Haptic: Dubuffet [16 x 20"; oil pastels]
When I make marks, as a working poet, I imagine I work in the way a poet would paint. As in the case of “Dubuffet” [the work shown here] I approach each stroke as I would a syllable, or an accent or a consonant. It is, I assume, my way to inhabit, to live within the space of the drawing surface what one part of me sees/experiences as a page, as if the work is part of a conversation with the substance, the materiality of the paper; I work this space – as I would a poem – in which the paper is a potential, continuous field of rhythm, of color, of and a delight in its resistances, its choices, and a humility, as if the pens are having a conversation with God, or a series of gods, some who dance, who play, who challenge, sometimes darkly and seriously, ones, for example, who pull the oil pastel crayon in a dark descent or a luminous one; who make each new space, each field, into a journey, a way in, a way out – much the way in which a book unfolds – this forest of marks, living – indeed, its entirety, an extended conversation.
(further thought)
I call the piece “Dubuffet” not that it looks like what might be commonly called “a Dubuffet”, but more as an homage to Dubuffet’s kind of attention to color, to materiality, to going inside to bring up whatever is inside me or collectively “us” to create marks that correspond to the heat, the velocity, the shapes, forces and colors of a cosmos that is both internal and external. Actually, when I step back and look at this piece, the spiraling black ‘rib’ lines appear to barely contain (encase) while at the same time heighten the centrifugal force of the color bearing marks.
Haptic: Dubuffet [detail]
I remember first seeing Dubuffet’s work on posters announcing shows in Paris in 1960-61. I was 19 year old student and living on the Isle St. Louis; the posters energized the streets, as well as provided me with some kind dearly needed beacon during those days in which Paris was politically fraught by Algeria’s war of independence from France’s colonial power.

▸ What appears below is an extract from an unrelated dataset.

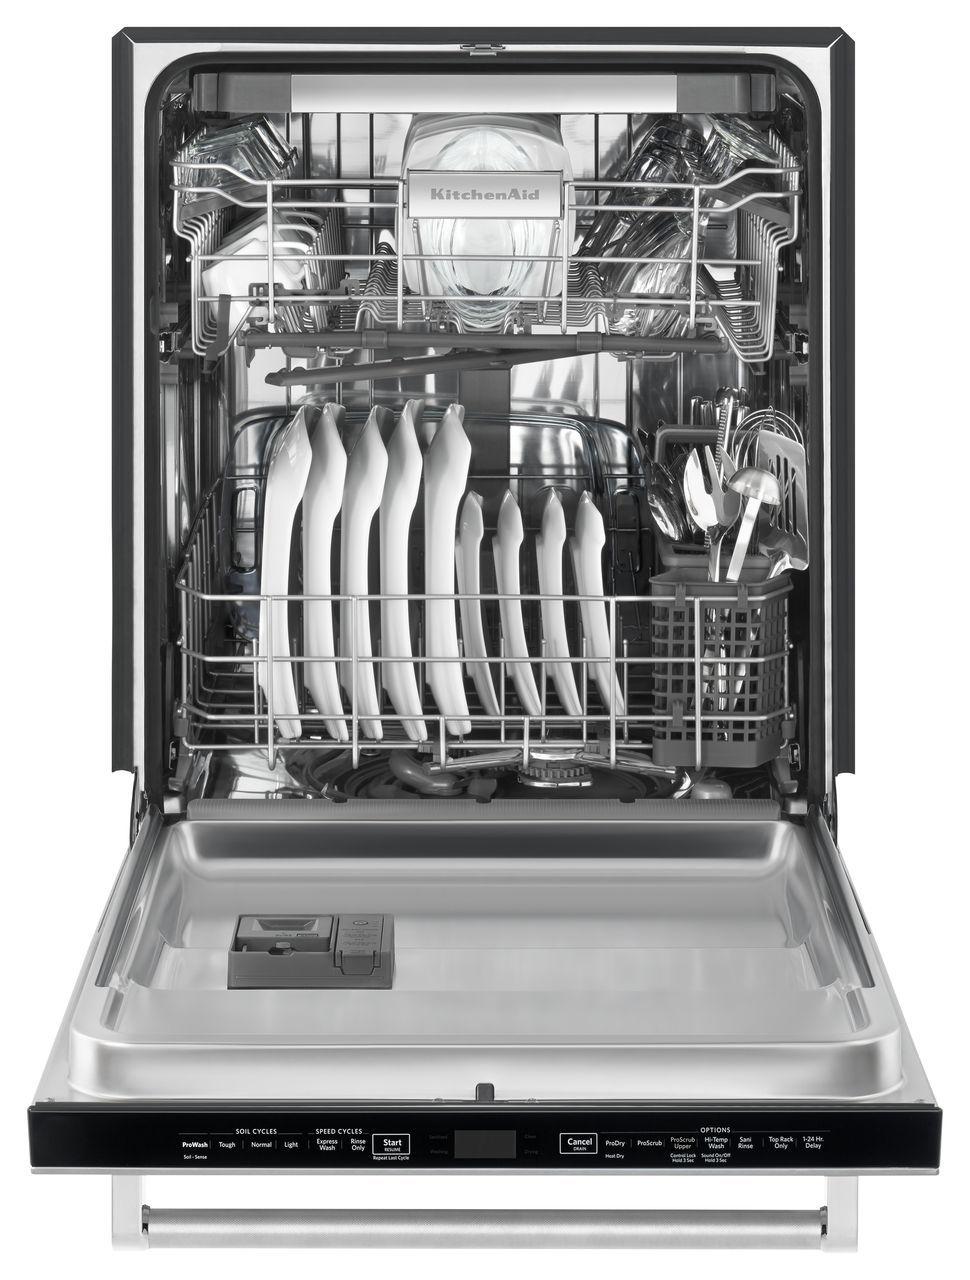 Kitchenaid Built In Stainless Dishwasher Kdtm404ess

Demonstrations, often violent, were common. Rifle toting policemen in full riot gear controlled street corners,, government building facades and gates to the homes of politicians. Dubuffet’s bold colors & strokes practically taunted all that was worn out in the gray, repressive & repugnant colonial palette. Young, much lost and confused, it was exactly what I craved. If this piece, “Dubuffet”, carries any of that force into these times, I am grateful. If you find it “beautiful” or ” successful”, I am grateful for that, too.